STEVEN P. SHREDER, Magistrate Judge.
Plaintiff Megan Brooke Weeks was the prevailing party in this action under the Social Security Act. Plaintiff originally sought an award of attorney's fees in the amount of $4,578.70 and costs in the amount of $400.00, pursuant to the Equal Access to Justice Act, 28 U.S.C. § 2412(d). See Docket No. 20. The Commissioner subsequently filed a stipulation, indicating that the parties had agreed to an award of attorney's fees in the amount of $4,200.00, as well as the requested $400.00 in costs. See Docket No. 21.
Upon review of the record herein, the Court finds that the agreed amount of fees and costs is reasonable and that the Commissioner should be ordered to pay it to the Plaintiff as the prevailing party herein. See 28 U.S.C. § 2412(d)(1)(A) ("Except as otherwise specifically provided by statute, a court shall award to a prevailing party other than the United States fees and other expenses, in addition to any costs awarded pursuant to subsection (a), incurred by that party in any civil action (other than cases sounding in tort)[.]"); see also Manning v. Astrue, 510 F.3d 1246, 1251 (10th Cir. 2007) ("The EAJA therefore permits attorney's fees reimbursement to financially eligible prevailing parties, who make a proper application, and not to their attorneys.").
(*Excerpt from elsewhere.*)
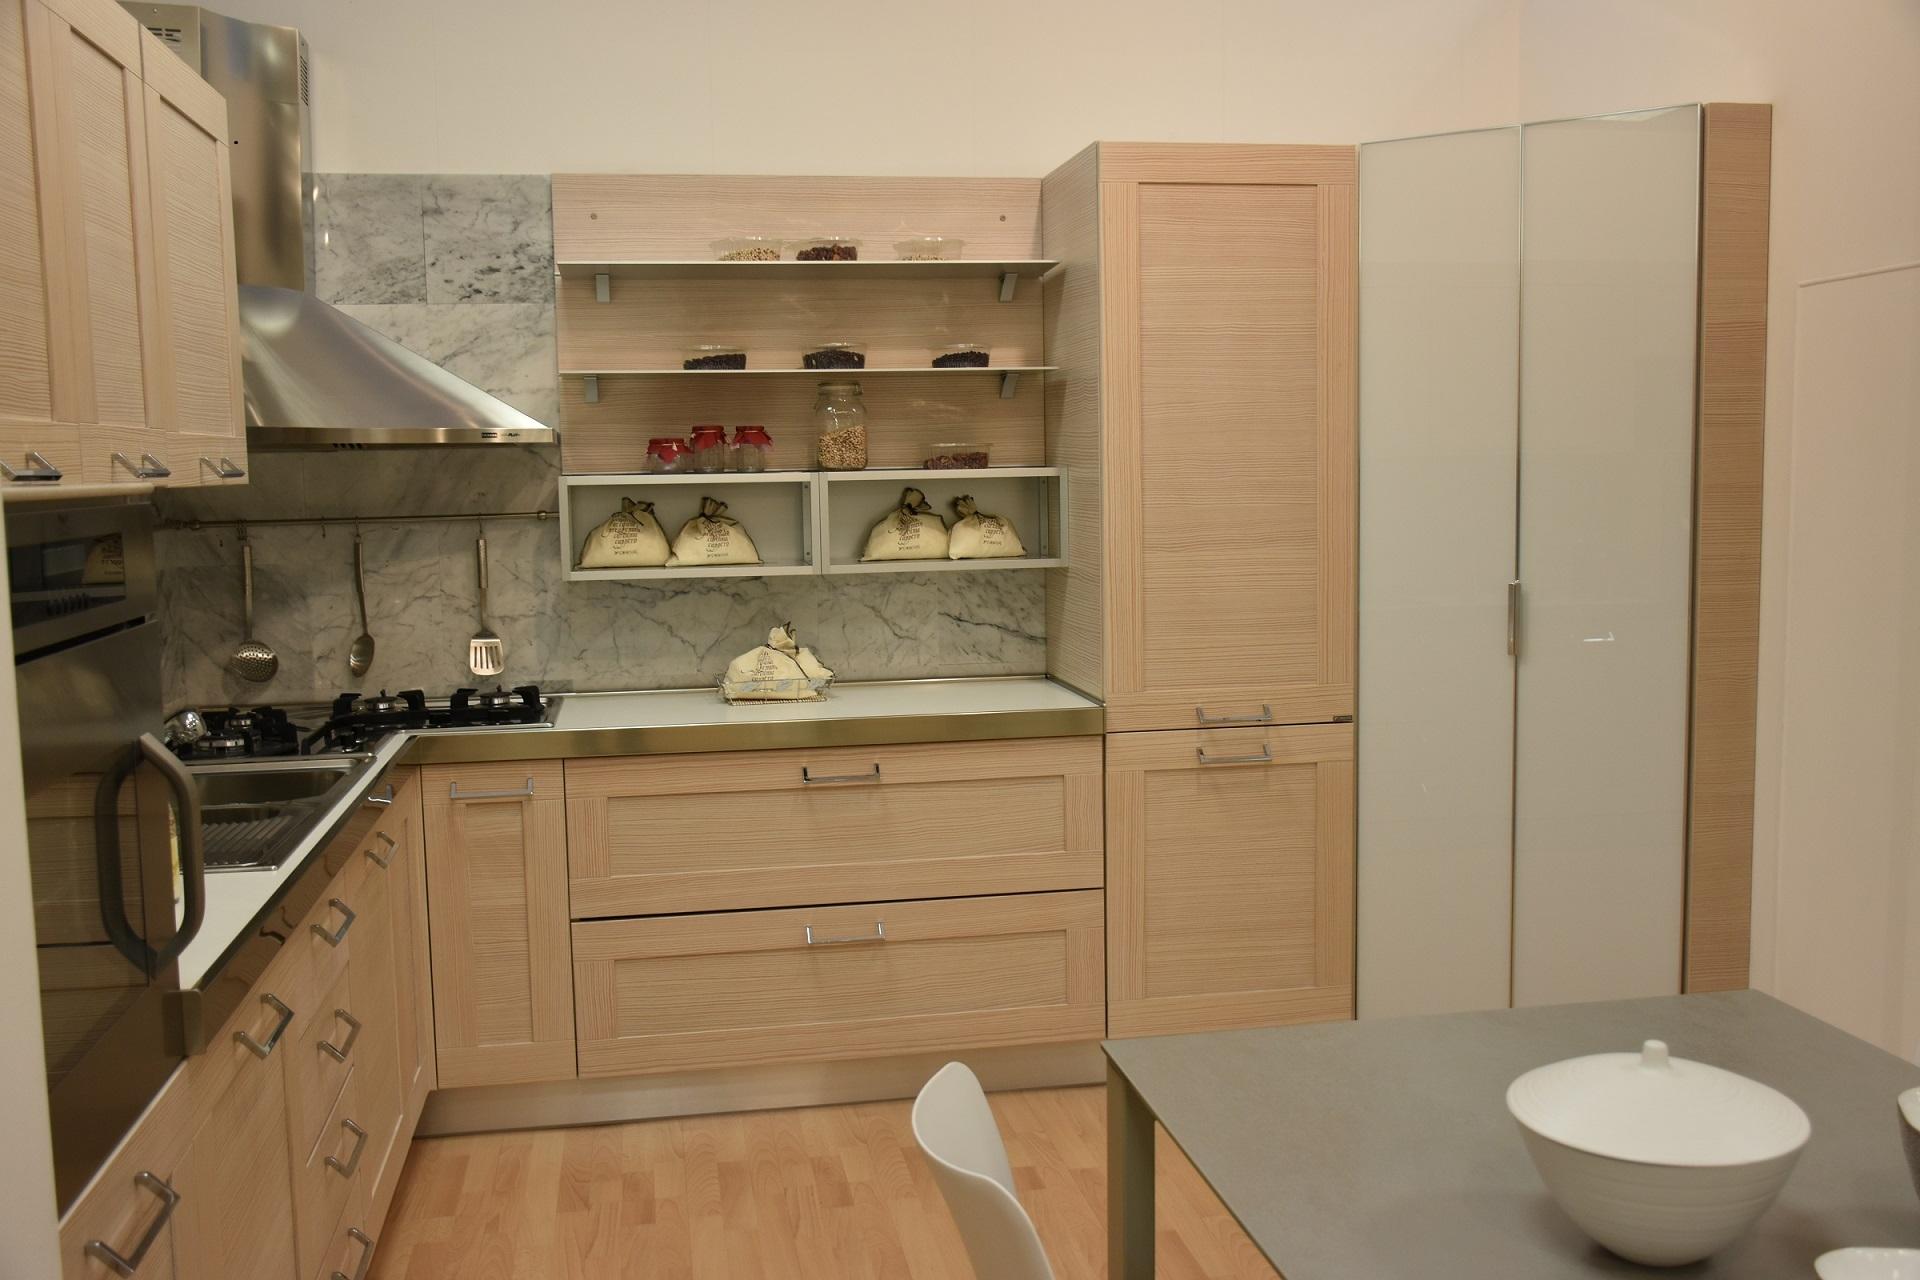 Offerta cucina modello Donna in larice naturale misure 315 x 338.2 ...

Accordingly, IT IS ORDERED that the Plaintiff's Motion and Brief in Support for an Award of for Attorney's Fees Under the Equal Access to Justice Act 28 U.S.C. § 2412 [Docket No. 20] is hereby DENIED as moot, and the Commissioner's Stipulation for Award of Attorney Fees Pursuant to the Equal Access to Justice Act, 28 U.S.C. § 2412 [Docket No. 21] is hereby GRANTED, to the extent that the Government is hereby ordered to pay the agreed-upon $4,800.00 fee award and $400.00 in costs to the Plaintiff as the prevailing party herein. IT IS FURTHER ORDERED that if the Plaintiff's attorney is subsequently awarded any fees pursuant to 42 U.S.C. § 406(b)(1), said attorney shall refund the smaller amount of such fees to the Plaintiff pursuant to Weakley v. Bowen, 803 F.2d 575, 580 (10th Cir. 1986).